In most situations, this will be binary data.
Printing it directly to the terminal, can lead to a messed up terminal.
You can try the reset
command in such a situation.
Metadata objects🔗
The other, non rbd_data
objects are the one we want to take a closer look now.
If you want to filter the output of all the rbd_data
objects, inverting the grep
output helps, for example rados -p rbd ls | grep -v rbd_data
.
1 root@cephtest:~# rados -p rbd ls | grep -v rbd_data
2 rbd_header.163530b41c75e0
3 rbd_directory
4 rbd_id.vm-100-disk-1
5 rbd_info
6 rbd_object_map.16353c4794276b
7 rbd_object_map.163530b41c75e0
8 rbd_trash
9 rbd_header.16353c4794276b
10 rbd_id.vm-100-disk-0
We seem to have some objects that contain the actual image name, and a few more that contain the ID that we saw in the rbd info
output earlier.
There are also a few objects that seem to be general rbd objects, as they don't have any image name or ID in their name.
Those would be, for example, the rbd_directory
and rbd_info
.
We will ignore them for now.
We can take a look at the data stored in an object.
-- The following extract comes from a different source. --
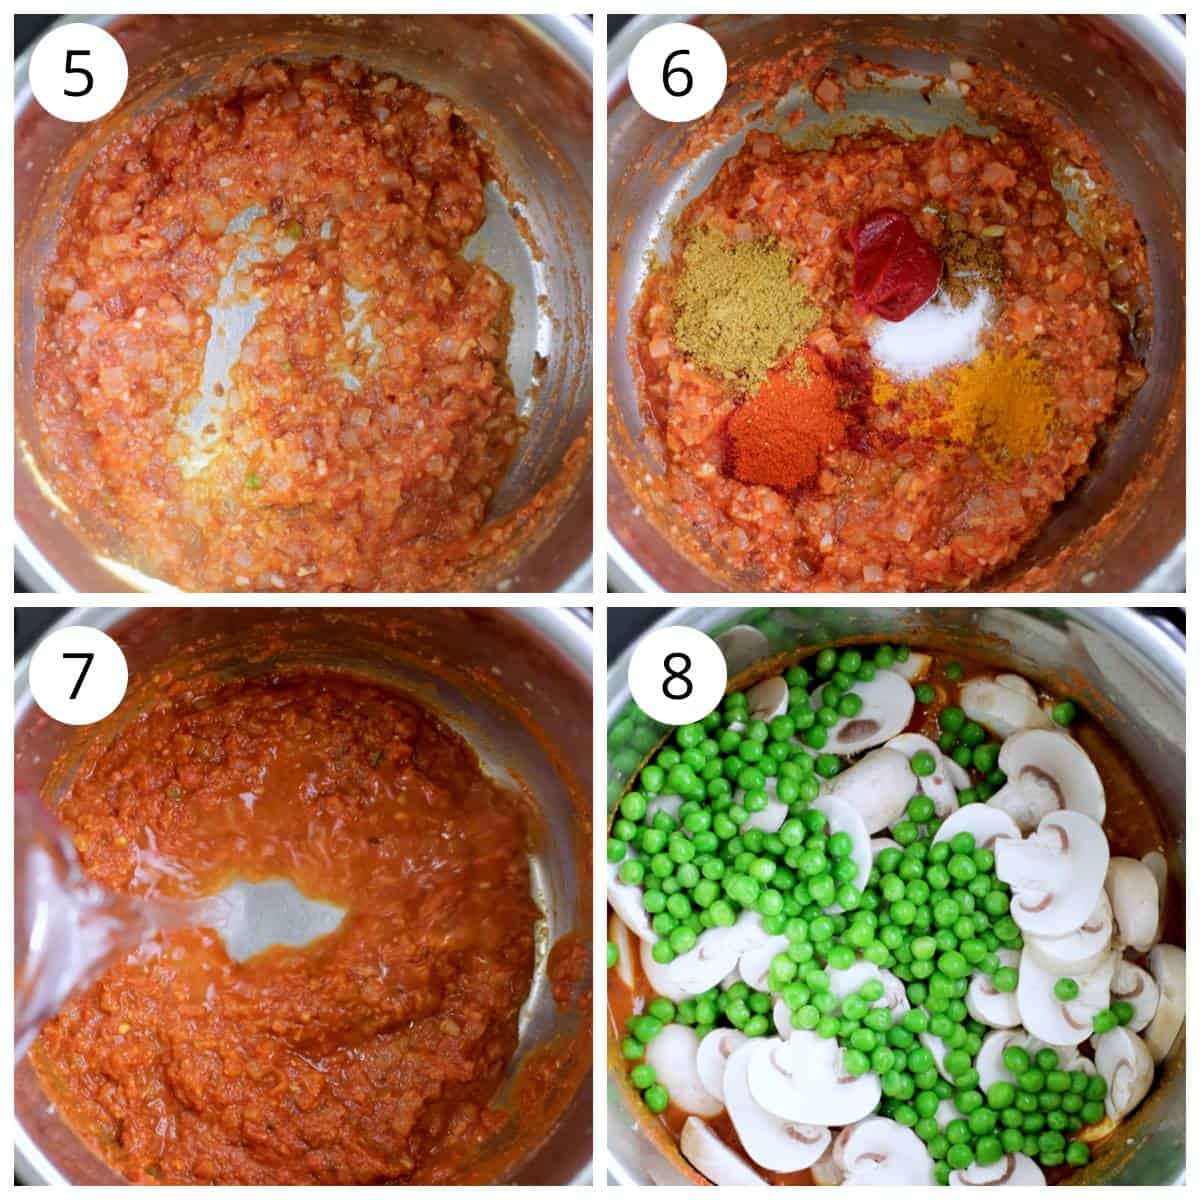 Steps showing making mushroom matar in Instant pot by adding spices, mushroom and peas.

What does the rbd_id.vm-100-disk-0
object contain?
root@cephtest:~# rados -p rbd get rbd_id.vm-100-disk-0 -
163530b41c75e0root@cephtest:~#
Since there is nothing at the end of the object that the terminal would interpret as a newline, the prompt gets printed right after it, making it a bit hard to read.
But we can see that it contains the ID of the first disk image, 163530b41c75e0
.
There is an object map for the ID present (rbd_object_map.163530b41c75e0
).
It contains binary data, which will look like a lot of gibberish when interpreted as text.
Don't expect any useful information when you print it directly to the CLI.
The object map stores which objects of an image actually exist and where.
This helps clients to determine if they need to read an object at all.
It also speeds up other operations like cloning, resizing, calculating the size of the image and more.
The rbd_header
object is the last one we see that is related to the disk image:
root@cephtest:~# rados -p rbd get rbd_header.163530b41c75e0 -
root@cephtest:~#
This object seems to be empty. Let's verify it:
root@cephtest:~# rados -p rbd stat rbd_header.163530b41c75e0 -
rbd/rbd_header.163530b41c75e0 mtime 2023-02-11T01:01:43.000000+0100, size 0
Indeed, the size is reported as 0. There must be a reason why this object exists. This brings us to the next part.
Object metadata🔗
Objects in Ceph can have metadata associated with them. There are two types, extended attributes, xattr, and a key-value store, the so called omap. Do not confuse an object's omap with the rdb specific object map.
Checking the xattrs for these objects, I only found one, called lock.rbd_lock
present in the object map and header objects for both disk images.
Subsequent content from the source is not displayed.